The Kendo grid MVC version also really does NOT support "complex models".

In the end, the solution I used was to use a viewmodel.  So when the grid loads, I map (using the wondeful AutoMapper) my children into a list of viewmodels (simple poco's) and bind that to the grid.  The kendo grid can then post the child vm back nicely and then I load up my parent model and its children, fidn the model I'm editing and map the changes back from the vm into the child - thus I get the csla business rules firing as required.
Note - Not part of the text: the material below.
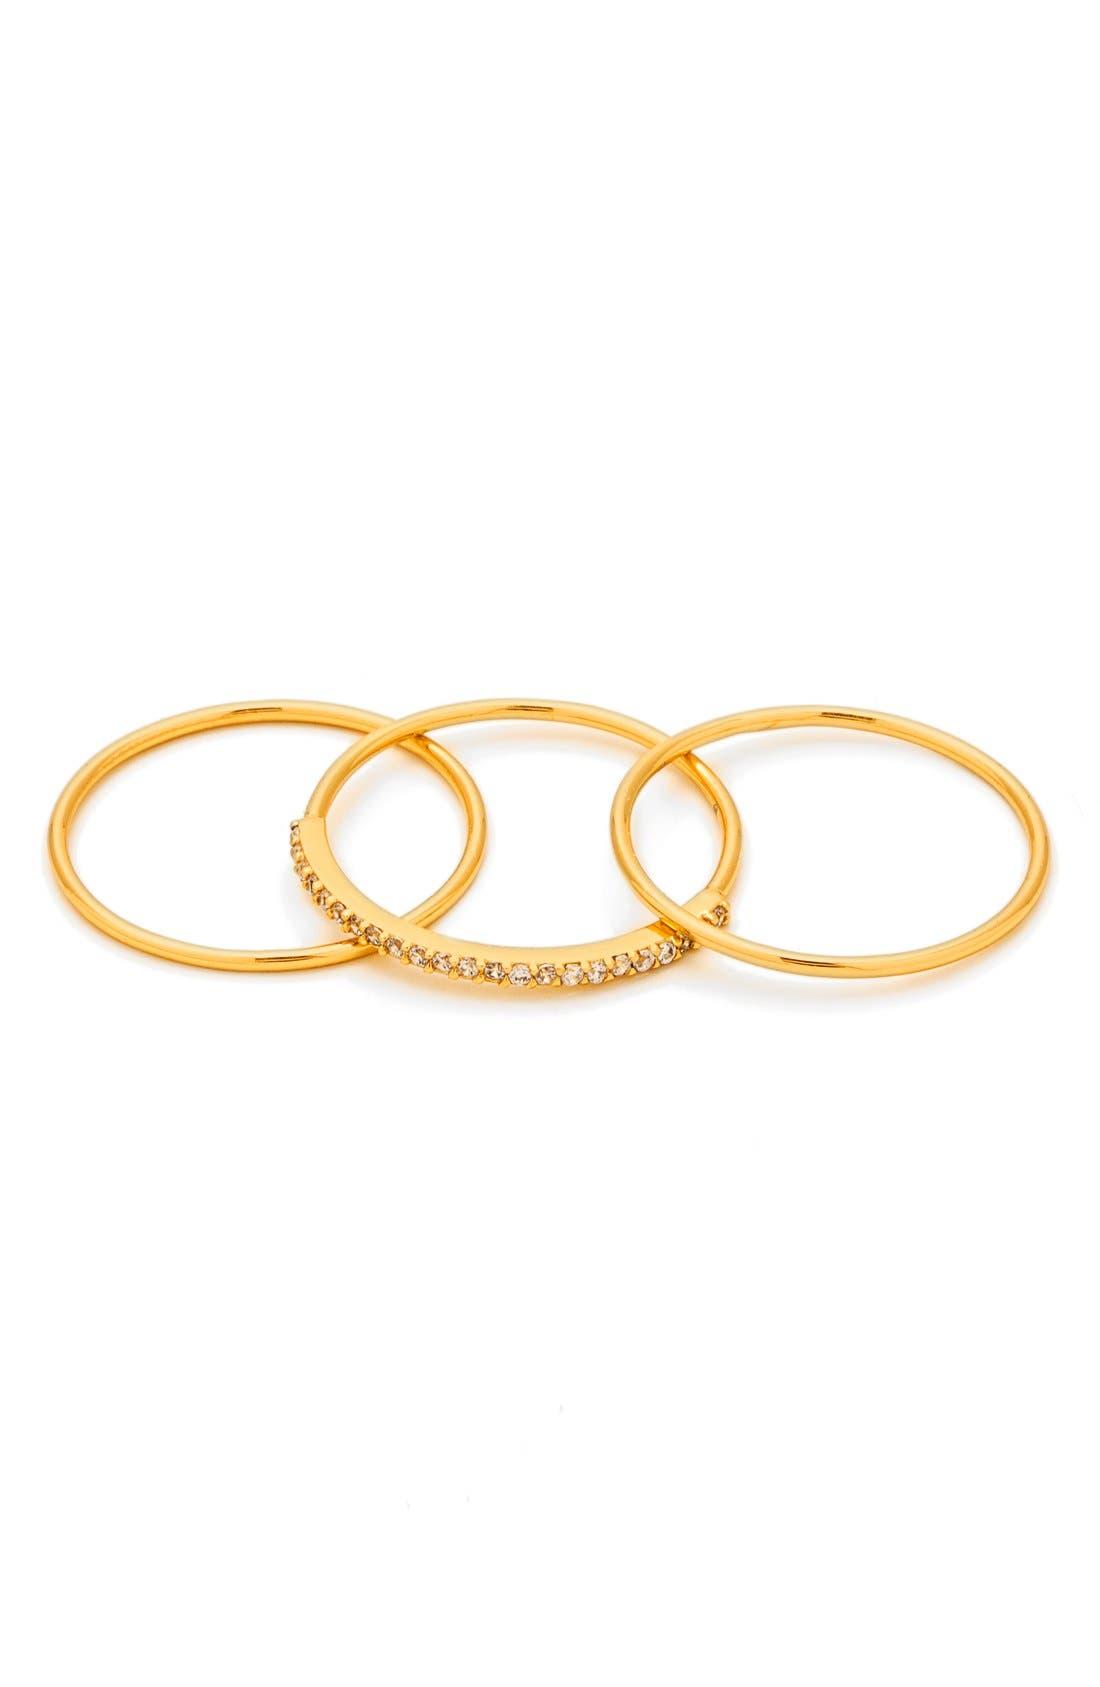 gorjana Shimmer Stackable Set of 3 Band Rings

The viewmodel works for me in my MVC world.  If I was doing a WPF UI I know from experience that the grid controls do tend to support complex objects, and that a WPF grid would typically be able to do a save call on the parent which would then ripple down to the children and save our amended child.

 

ajj3085 replied on Thursday, May 28, 2015

Oh, are you directly serializing a Csla object to a web browser or something?  The view model approach is correct, you shouldn't expose your Csla model directly from a web service: http://www.lhotka.net/cslanet/faq/ObjectsAsServiceContract.ashx

richardb replied on Thursday, May 28, 2015

Its an MVC razor view so its ok to send a csla model down.  Not a web service.

But thanks again.

ajj3085 replied on Thursday, May 28, 2015

Ok, then I'm not clear on where the AJAX serializer comes into play.  At any rate, the Parent property shouldn't be getting sent to the browser at all.